Unnamed: 0,user,card,year,month,day,time,amount,use_chip,merchant_id,merchant_city,merchant_state,zip,mcc,errors,is_fraud,card_id,is_train
0,0,0,2002,9,1,06:21,$134.09,Swipe Transaction,64518,La Verne,CA,91750.0,5300,,No,0,True
1,0,0,2002,9,1,06:42,$38.48,Swipe Transaction,43058,Monterey Park,CA,91754.0,5411,,No,0,True
2,0,0,2002,9,2,06:22,$120.34,Swipe Transaction,43058,Monterey Park,CA,91754.0,5411,,No,0,True
3,0,0,2002,9,2,17:45,$128.95,Swipe Transaction,63932,Monterey Park,CA,91754.0,5651,,No,0,True
4,0,0,2002,9,3,06:23,$104.71,Swipe Transaction,76114,La Verne,CA,91750.0,5912,,No,0,True


## Data Preprocessing

In [7]:
# drop user, card, columns
gdf = gdf.drop(columns=['user', 'card'])

We start our data cleaning with slicing off the dollar symbol prefix.

In [8]:
gdf['amount'] = gdf['amount'].str.slice(1).astype('float32')

And then convert categorical features like `merchant_city`, `merchant_state`, `zip` and `mcc`

In [9]:
gdf['merchant_city'] = gdf['merchant_city'].astype('category')
gdf['merchant_state'] = gdf['merchant_state'].astype('category')
gdf['zip'] = gdf['zip'].astype('category')
gdf['mcc'] = gdf['mcc'].astype('category')                                            

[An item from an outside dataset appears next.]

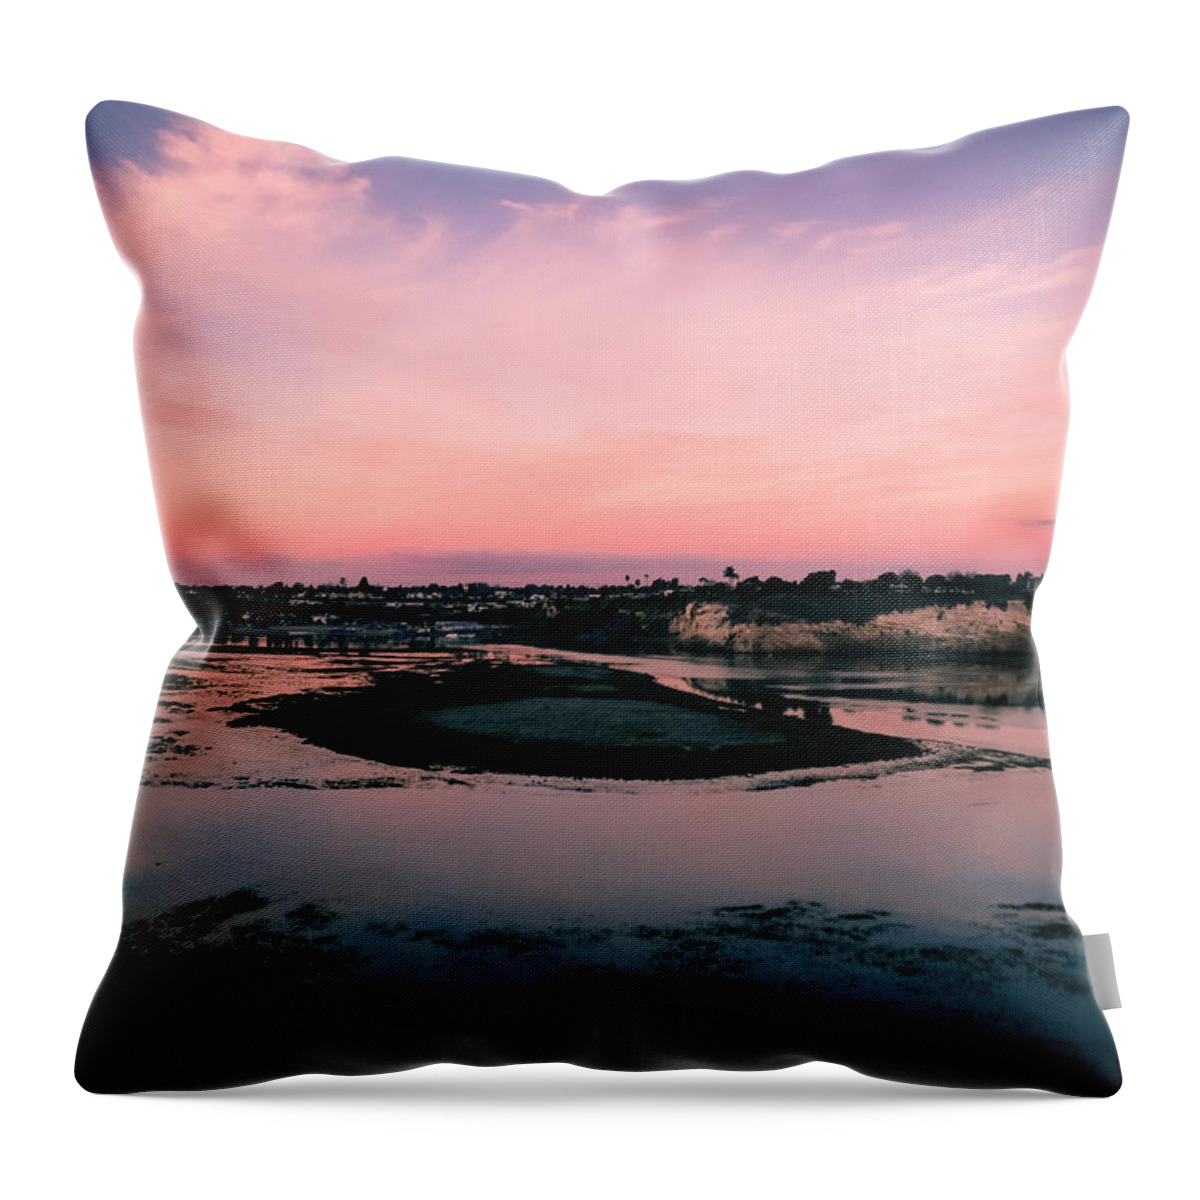 Pale Throw Pillow featuring the photograph Pale Pink Serenity by Pamela Newcomb

## Dealing with features with Multiple Categorical values for a transaction

We deal with errors column which can have multiple errors for a transaction.

In [10]:
unique_errors = ['Bad CVV',
 'Bad Zipcode',
 'Bad PIN',
 'Technical Glitch',
 'Insufficient Balance',
 'Bad Expiration',
 'Bad Card Number']

We have 7 possible errors that a transaction can be associated with in this dataset. These are

In [11]:
print(unique_errors)

['Bad CVV', 'Bad Zipcode', 'Bad PIN', 'Technical Glitch', 'Insufficient Balance', 'Bad Expiration', 'Bad Card Number']


For e.g. a given transaction can have multiple errors like`Bad CVV`, `Bad Zipcode` associated with it. We can perform multi-hot encoding which will ensure that for every error that appears we encode it with `1` and `0` otherwise. So across our 7 unique errors if a transaction has `Bad CVV`, `Bad Zipcode` erros then it will be encoded as `[1, 1, 0, 0, 0, 0, 0]`

In [12]:
exploded = gdf['errors'].str.strip(',').str.split(',').explode()

raw_one_hot = cudf.get_dummies(exploded, columns=["errors"])
errs = raw_one_hot.groupby(raw_one_hot.index).sum()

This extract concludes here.